Actually we knew all about this - it's not like this move was unanticipated, by us or Microsoft - and the reason we never said much about it is that just as with SSDs, pretty much nothing stops working and there's nothing anyone actually really needs to do.
Support for this was put in place with Vista; it's that OS which broke with the long-established convention in PC operating systems that filesystem partitions should be cylinder-aligned, and by default uses partition table layouts where partitions are aligned on 1Mb boundaries. The system wasn't aware of the sector size of the drives in question, Microsoft just unilaterally changed the rules for partition layout, and much of the work done in Ghost itself for GSS 2.0 involved honouring that layout set by the OS in the source image (that and finding and removing all the places where over the years, cylinder-alignment was an unwritten assumption in the code so that things broke when processing non-cylinder-aligned data).
Microsoft made this change precisely to anticipate the move to drives that are natively 4k-sector, and so from an engineering perspective once we'd adapted to it we were confident that we'd done everything necessary, and that once vendors actually produced these drives we were confident that was the case. During 2010 my colleage Robert Chester worked with 4k-sectors drives supplied to us as engineering samples from drive manufacturers (and with other drives to validate >2Tb capacities, incidentally) to validate Ghost's handling, and things worked precisely as we had expected.
That alignment switch actually comes from the Vista work done in Ghost Solution Suite 2.0 and really it's there to override Ghost's natural behaviour if for some reason it was to make a mistake in detecting the particular partition alignment factor used in the source image (and lots of the Ghost switches are like that, they exist not to be be used routinely but rather as "in case our logic for detecting this behaviour for you turns out to be insufficient").

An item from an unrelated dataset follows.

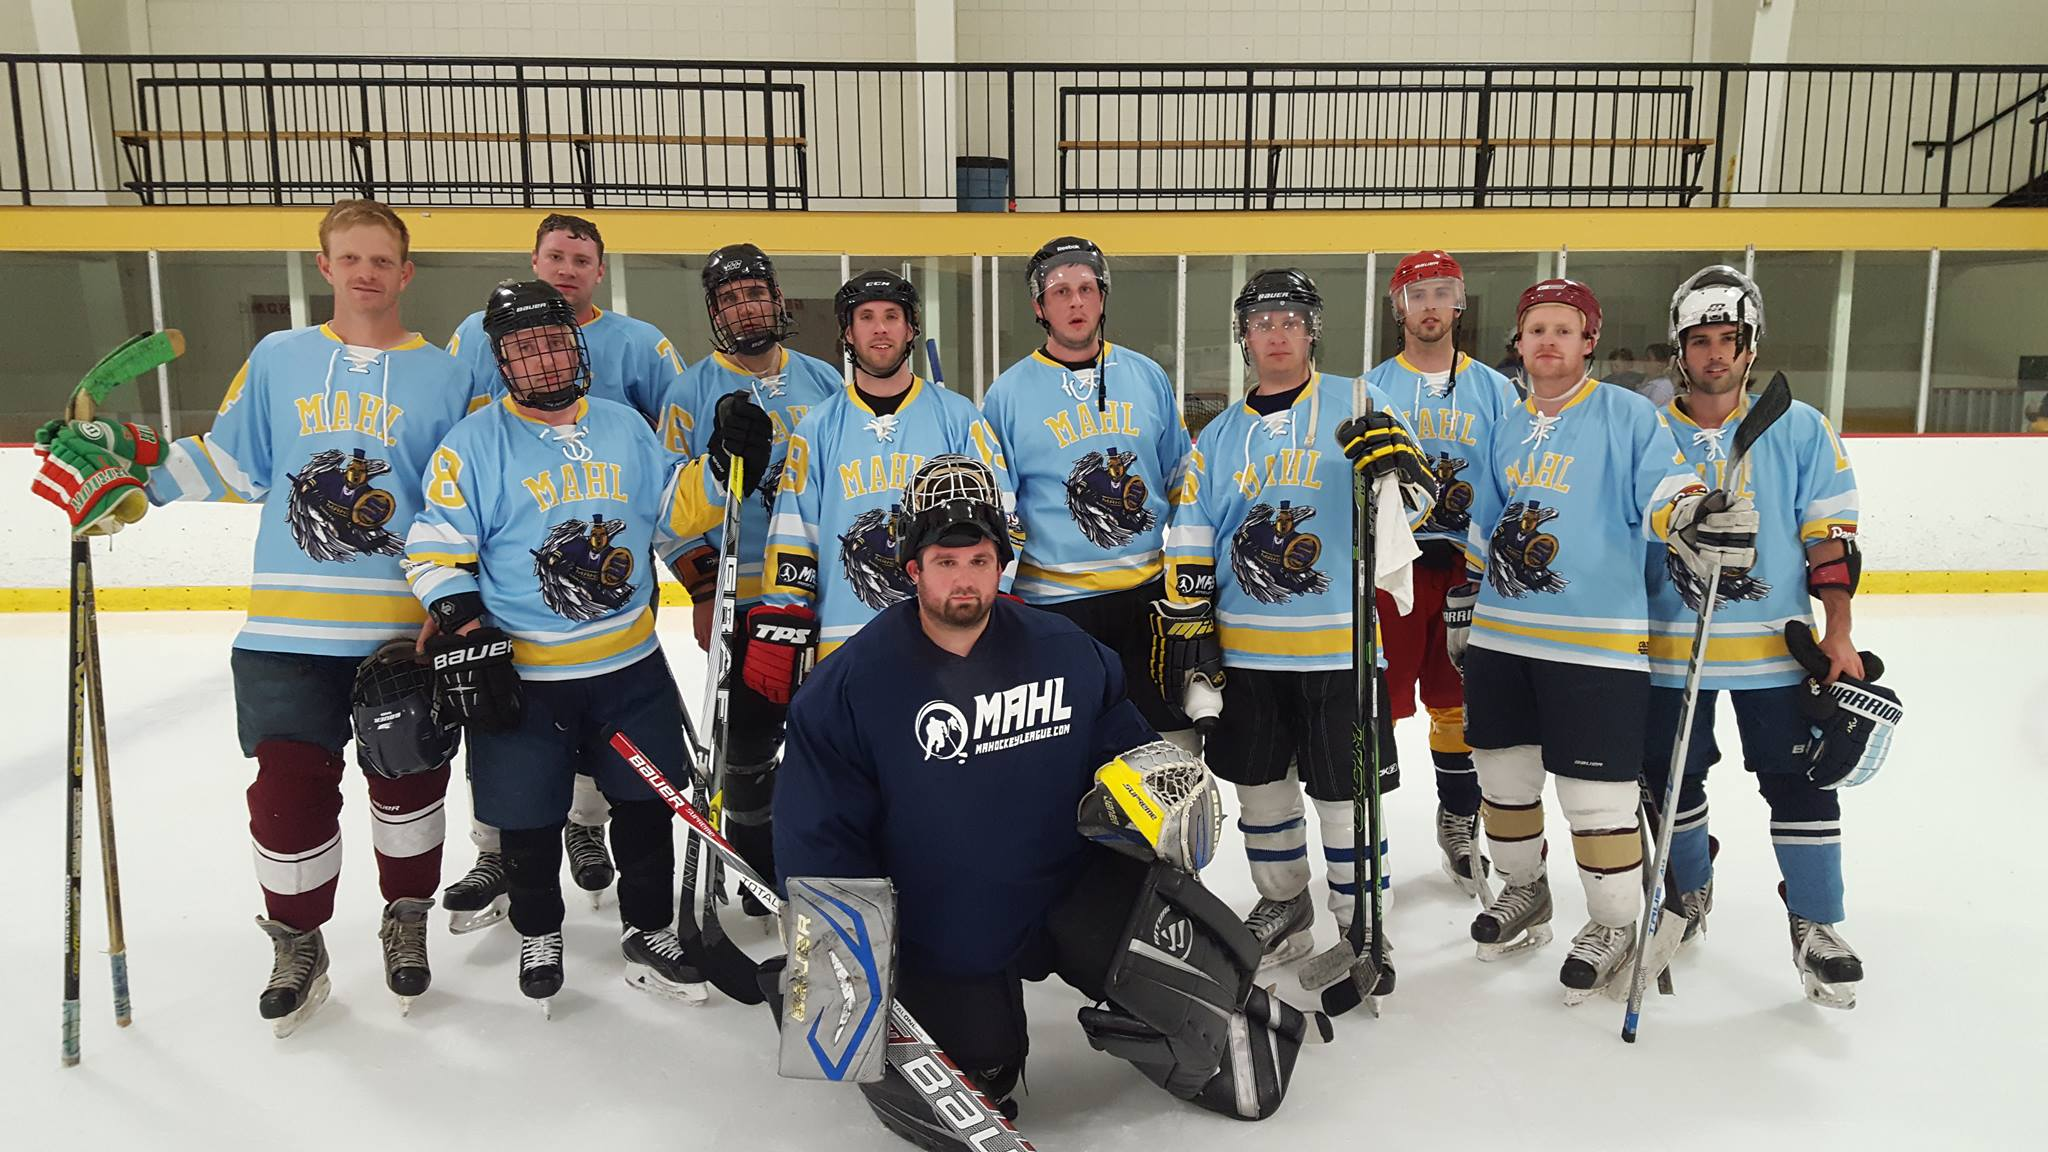 Mahl Saints Charity Team Ma Hockey League

The big thing is that 4k drives still work just fine in old systems; in fact, hard drive throughput improves generally so fast over the years that in most cases if you were replace a failed drive in an XP system with a 4k one and do absolutely nothing (leaving it misaligned) it'll not only work fine it'll almost certainly still be faster than the drive it replaced.
Basically, these have actually already been in the market quite a decent while; Western Digital in particular were manufacturing 4k-sector drives for over a year and Toshiba were also doing so. If you're using Vista or Win7 there's almost certainly no need for any Ghost user to do anything, and you're still primarily using Windows XP then it's entirely up to you whether to bother or not.